Современный ситуационный (событийный) подход, квинтэссенцией которого можно считать известные высказывания Н.И Жинкина «Понимать надо не речь, а действительность» [Жинкин 1982, 92] и «Человек слышит слова, состоящие из звуков: `Вон бежит собака, а думает при этом совсем не о звуках и словах, а о собаке, и смотрит – где она бежит» [Op. сit., 18], подчеркивающие особую роль образа, этого «перехода через чувственность за границы чувственности» [Леонтьев 1979, 6] – все указывает на то, что модели речемыслительной деятельности должны включать механизмы, интегрирующие информацию от всех сенсорных систем, в том числе от зрительной, через которую поступает до 90% информации.
Тем не менее, по моделям многих авторов [см. их описание в: Залевская А.А. 2000, 218, 219, 221] создается впечатление, что они описывают коммуникацию незрячих людей или беседу по телефону, что исследователи связывают процессы восприятия и продуцирования речи исключительно со слуховым анализатором, поскольку на всех этапах (восприятия, продуцирования, контроля) отсутствует кинесический компонент и отсекается вся информация, поступающая через зрительный анализатор (не говоря о тактильном и ольфакторном компонентах, играющих значительно меньшую, но, попутно заметим, очень важную и малоисследованную роль). А ведь невербальная информация может в некотором смысле выполнять роль суперсегмента, перекрывая по значимости весь вербальный поток и определяя результат коммуникативного акта. Представим, например, Джеймса Бонда, который, слушая приятную речь своего скрытого противника, не будет реагировать на его мельчайшие телодвижения, мимику и выражение глаз.

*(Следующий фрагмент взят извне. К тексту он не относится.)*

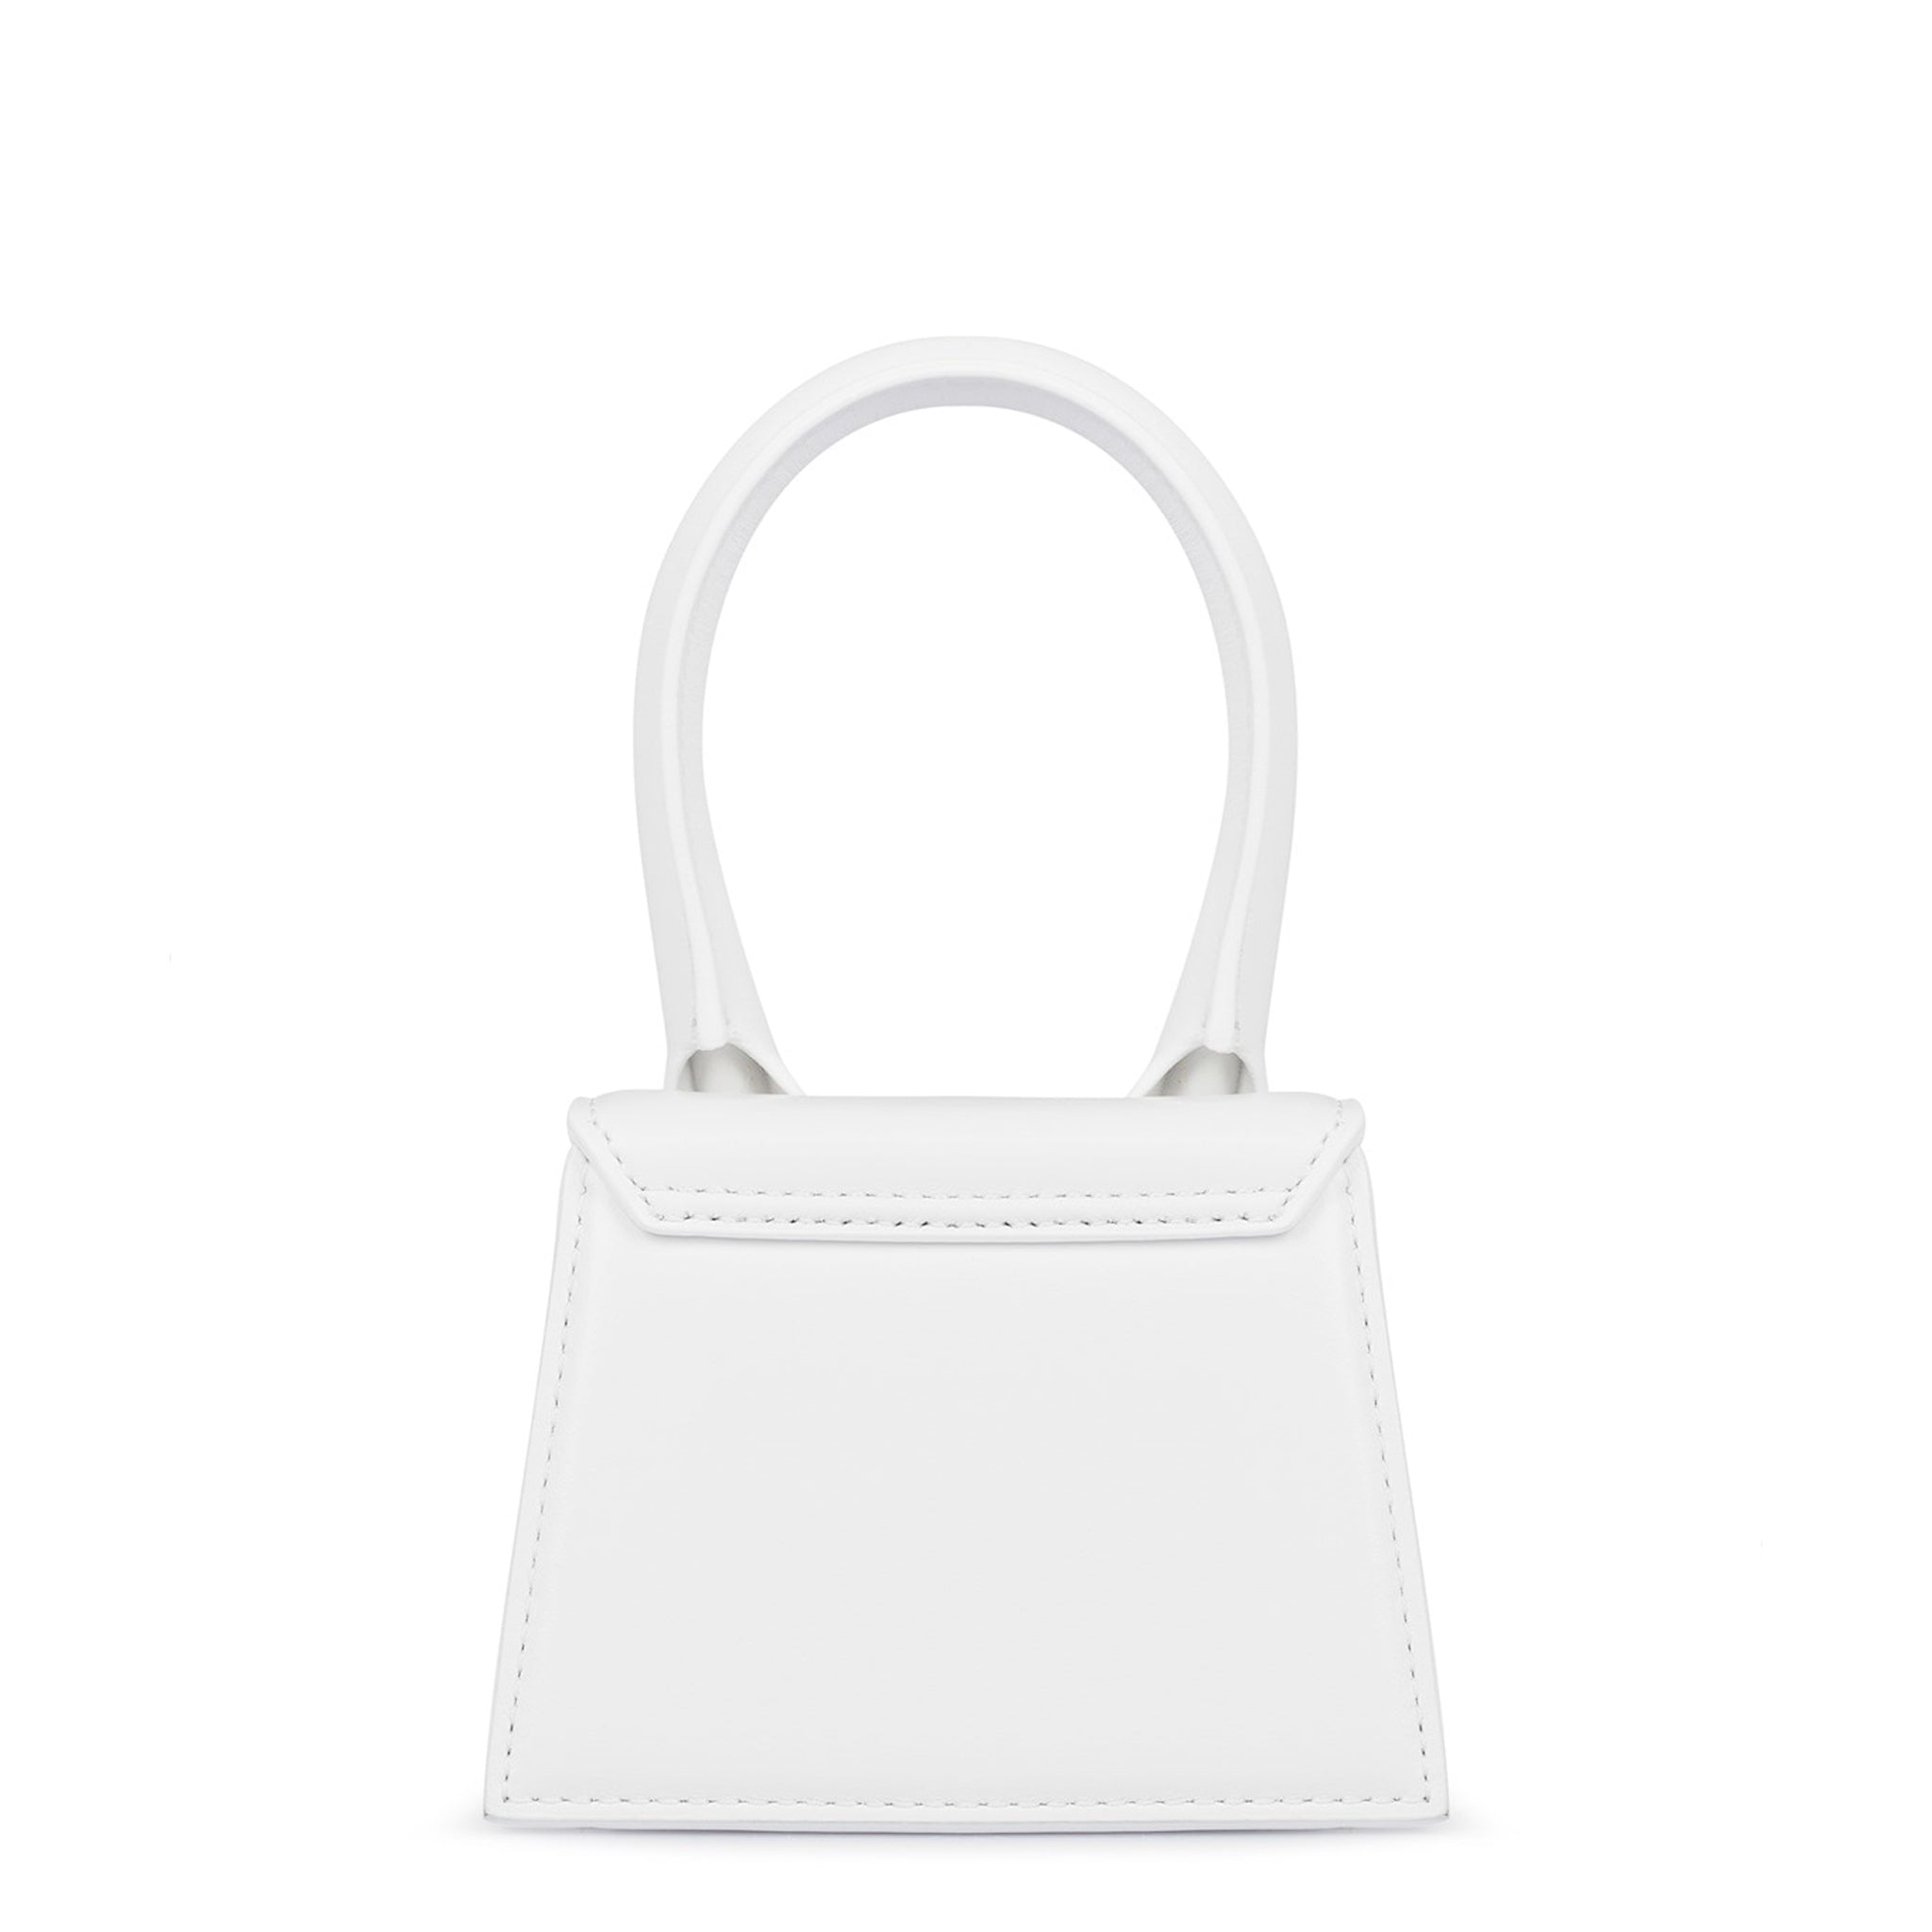 Image of Jacquemus Le Chiquito White Mini Leather Bag

Долго ли он проживет?
Что касается процессов производства и восприятия речи, в рамках рассматриваемой нами проблематики выделим следующие моменты:
в процессе коммуникации посредством кинесической знаковой системы передается большой объем информации, как намеренно (с помощью коммуникативных жестов), так и помимо желания адресанта (по симптоматическим жестам и мимике);
в этом объеме невербальной знаковой информации содержится целый пласт эмоционально-оценочных характеристик, которые отражают состояние адресанта в процессе производства речи (демонстрируемое или «читаемое»);
в свою очередь акт понимания речи также сопряжен со множеством эмоционально-оценочных реакций, которые в значительной степени выражаются невербальным путем и тесно связаны со смысловым восприятием;
на всех этапах коммуникативного акта происходит постоянная сверка с общей информационной базой, в том числе и на соответствие действий коммуникантов культурным нормам невербального поведения.

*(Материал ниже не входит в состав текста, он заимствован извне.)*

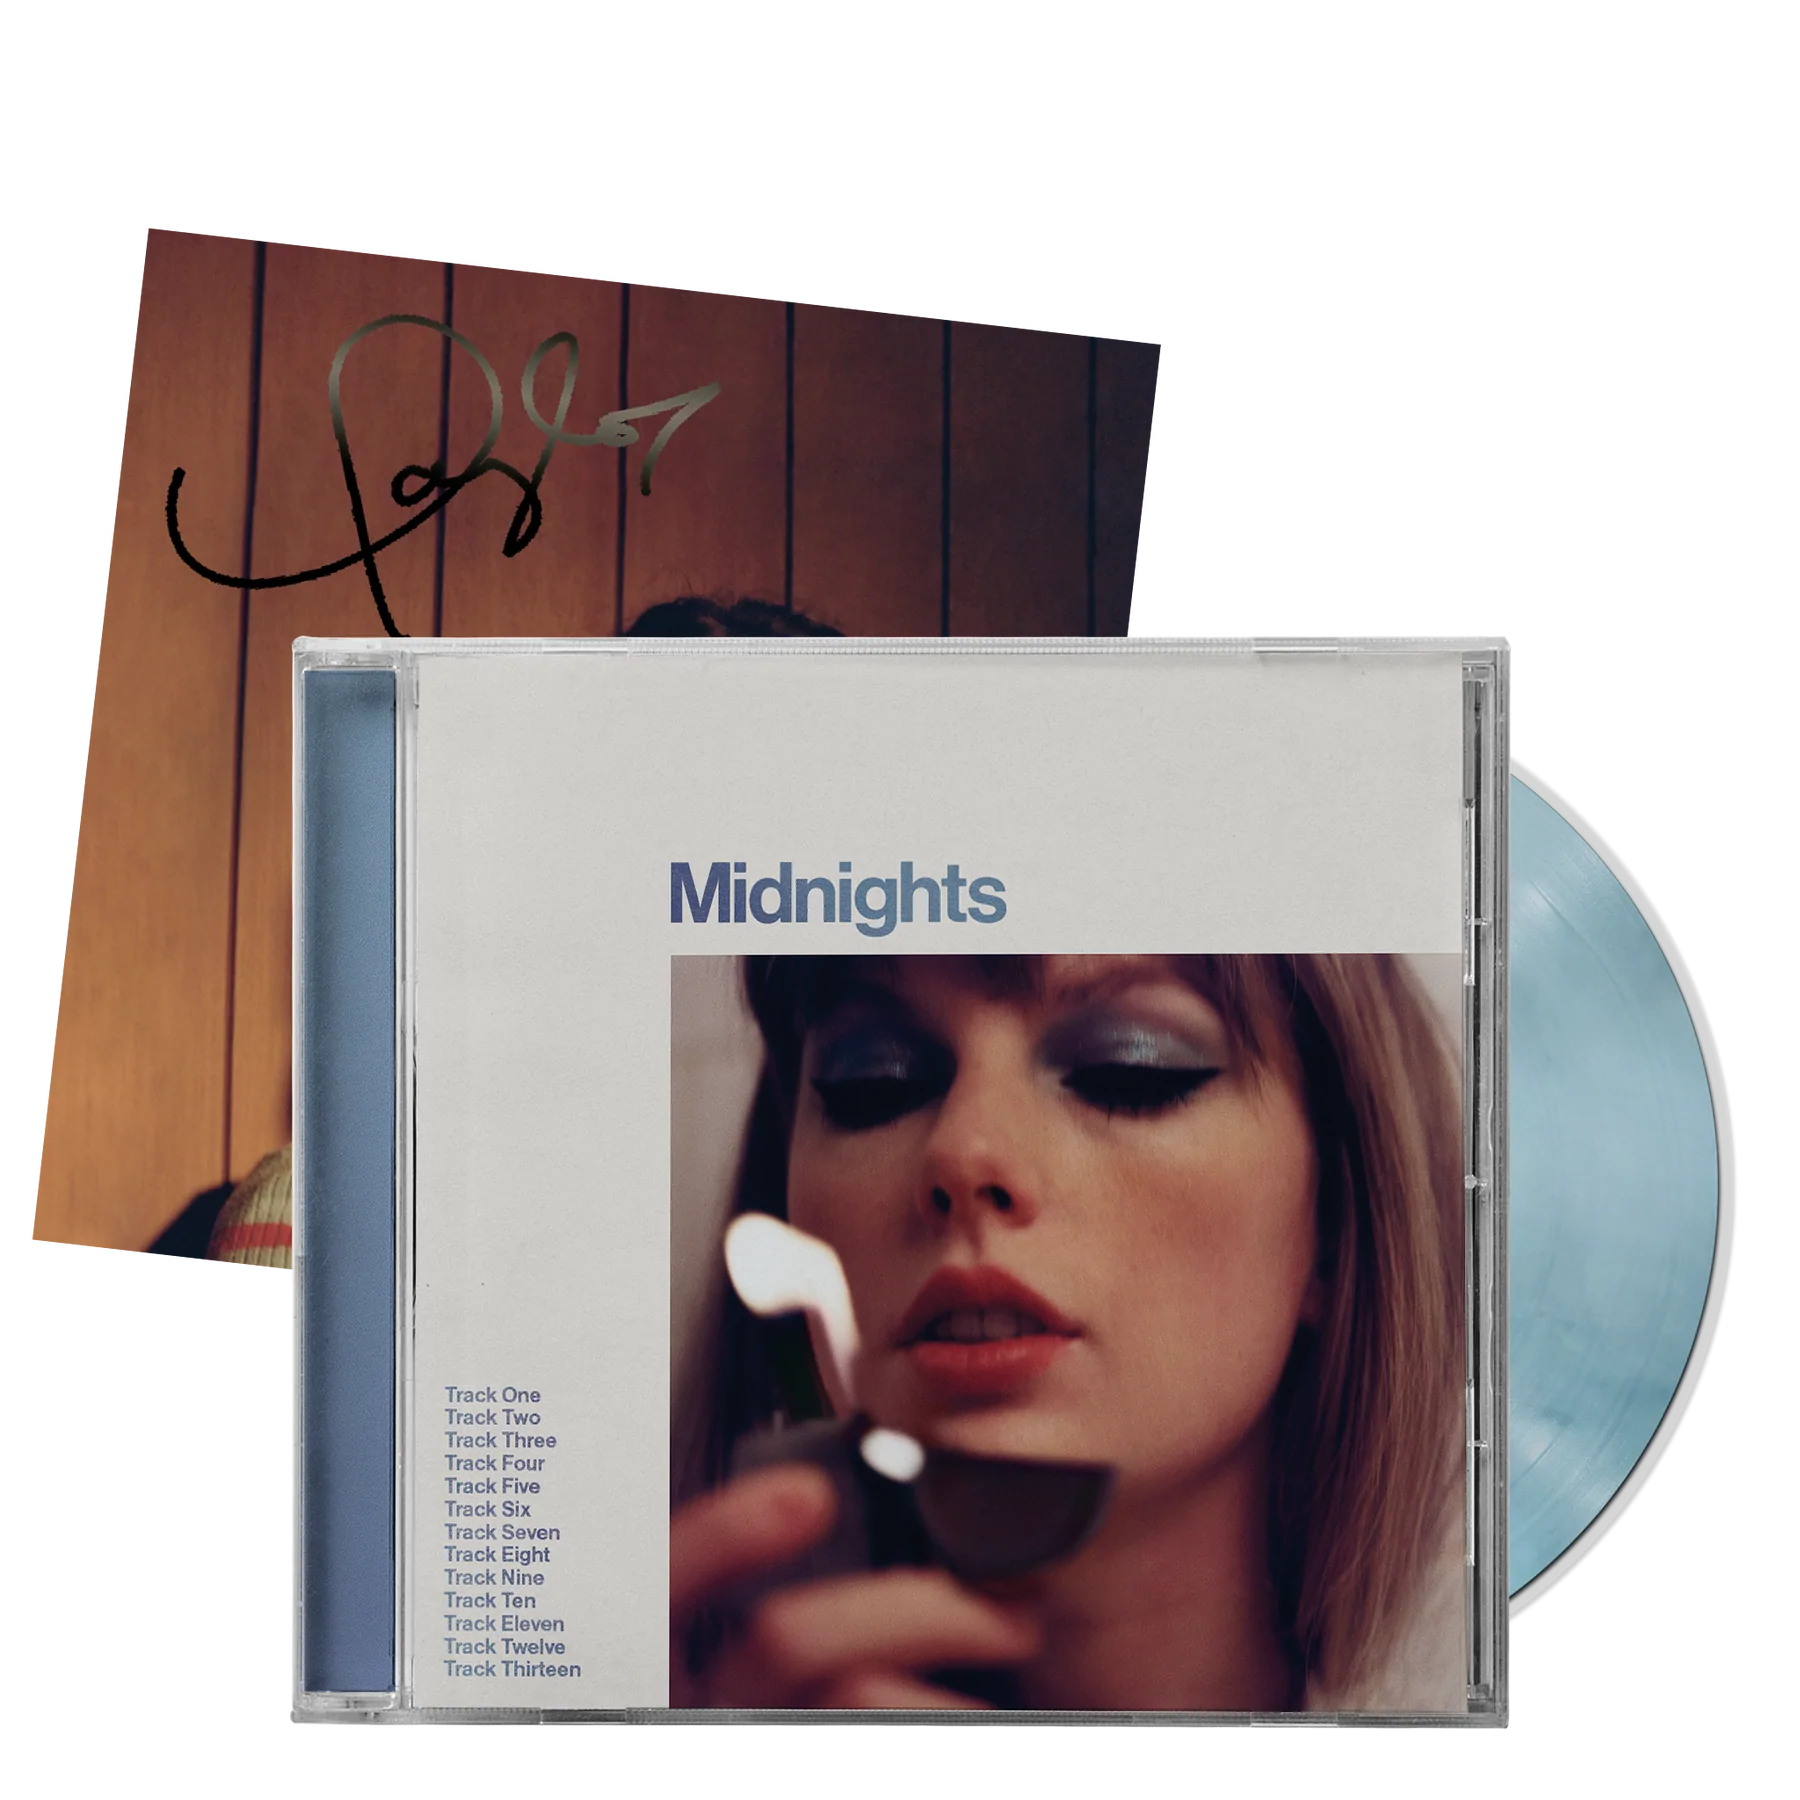 Midnights тейлор. Midnights Taylor. Midnights Тейлор Свифт. Taylor Swift Midnights CD. Midnight Taylor Swift Cover альбом обложка.

Таким образом, кроме информативной функции, невербальное поведение коммуникантов играет важную роль, сигнализируя (эксплицитно и имплицитно) о значимости для них предмета коммуникативного акта в целом (вербально-невербального комплекса), создает эмоционально-оценочный контекст, и по сути может служить базой для механизма контроля (в том числе общего хода и осуществления замысла коммуникативного акта), выполняющего важную роль в речевой деятельности.

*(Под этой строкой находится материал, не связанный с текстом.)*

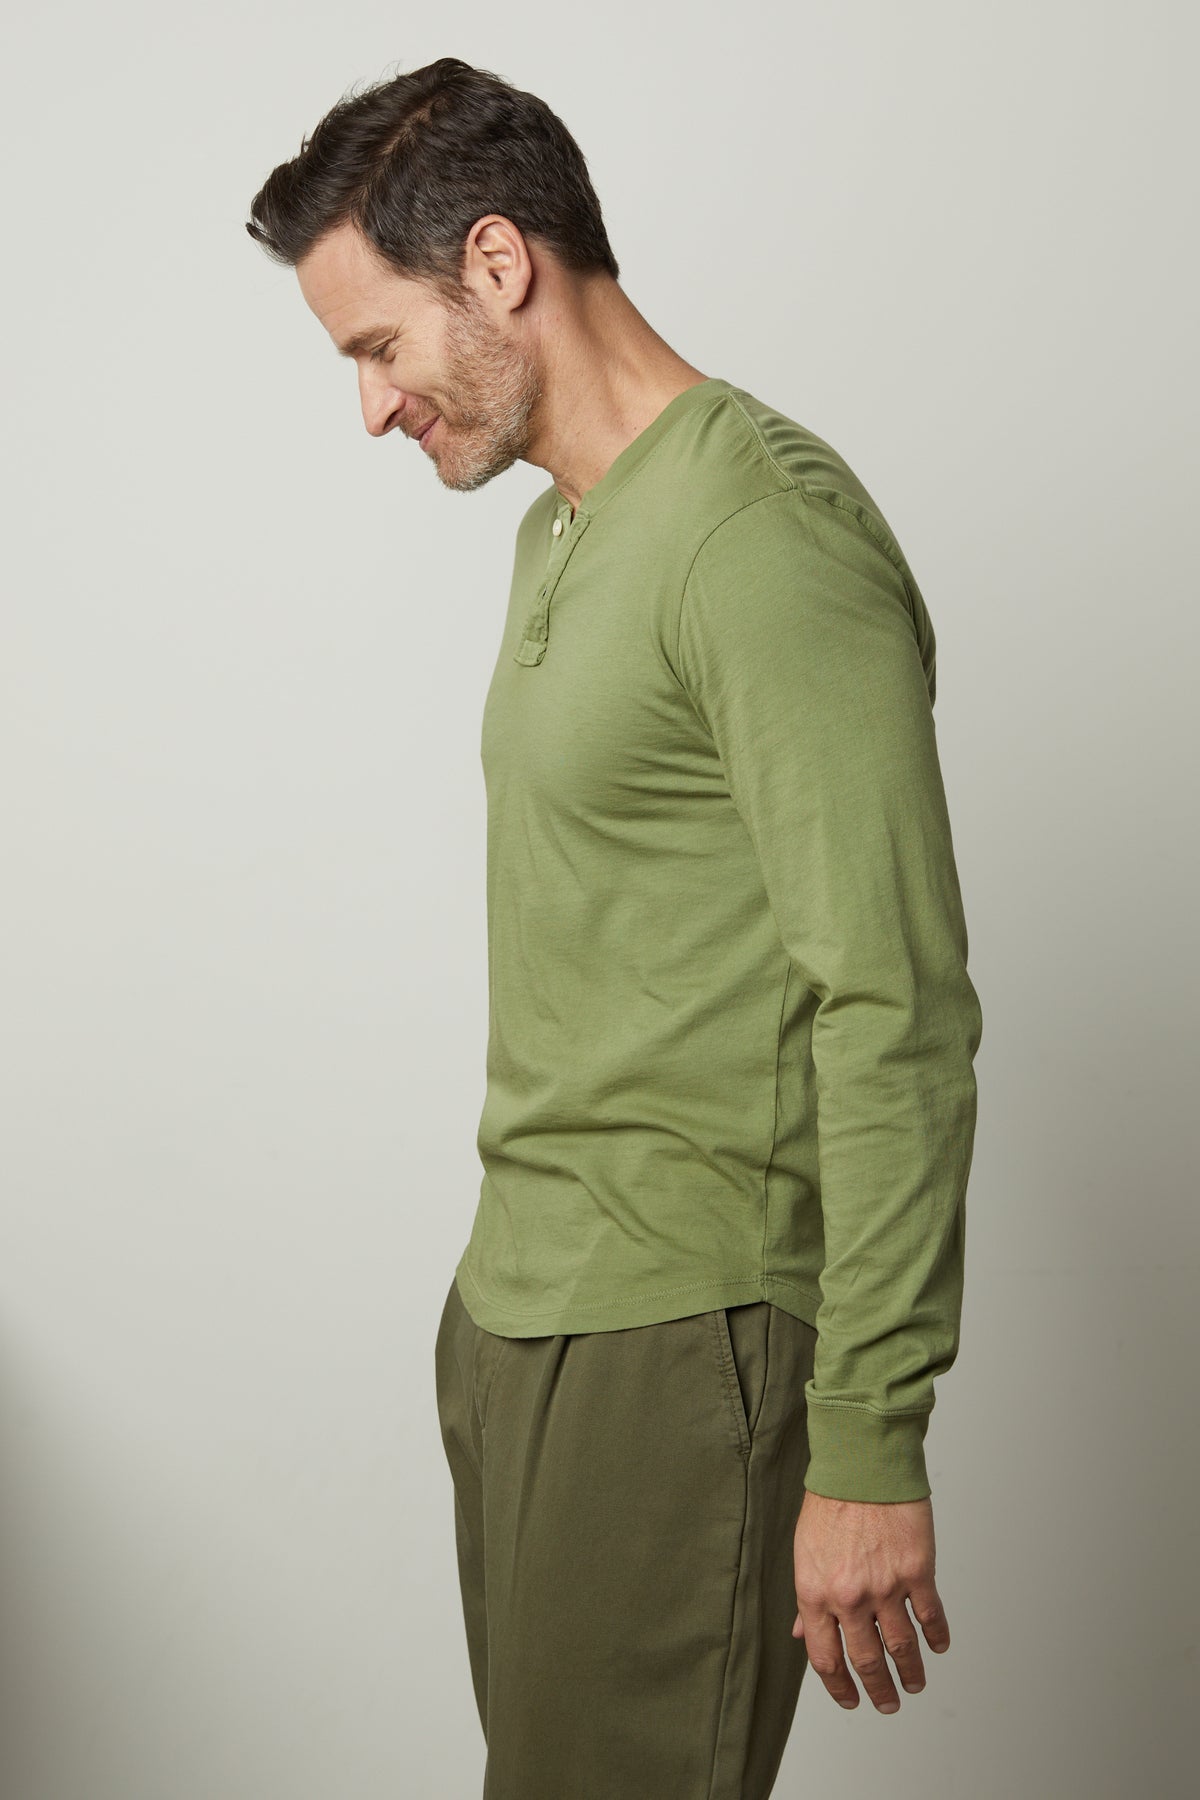 A man wearing the Velvet by Graham & Spencer BRADEN HENLEY shirt and green pants.-35567416705217

Эти положения вызывают, на наш взгляд, необходимость рассматривать невербальный компонент (кинесикон) как самостоятельное звено в моделях речемыслительного процесса.
Все эти моменты проявляются в полной мере при рассмотрении не только межличностной, но и межкультурной коммуникации. В последнем случае ситуация осложняется тем, что каждый коммуникант, даже перейдя на другой естественный язык, обычно пользуется своей знаковой кинесической системой (очень устойчивое свойство), которая имеет национально-культурную специфику как по составу знаков, так и по «специфической конфигурации культурем/менталем и правил их трансляции, восприятия и понимания» [Сорокин 1988, 39].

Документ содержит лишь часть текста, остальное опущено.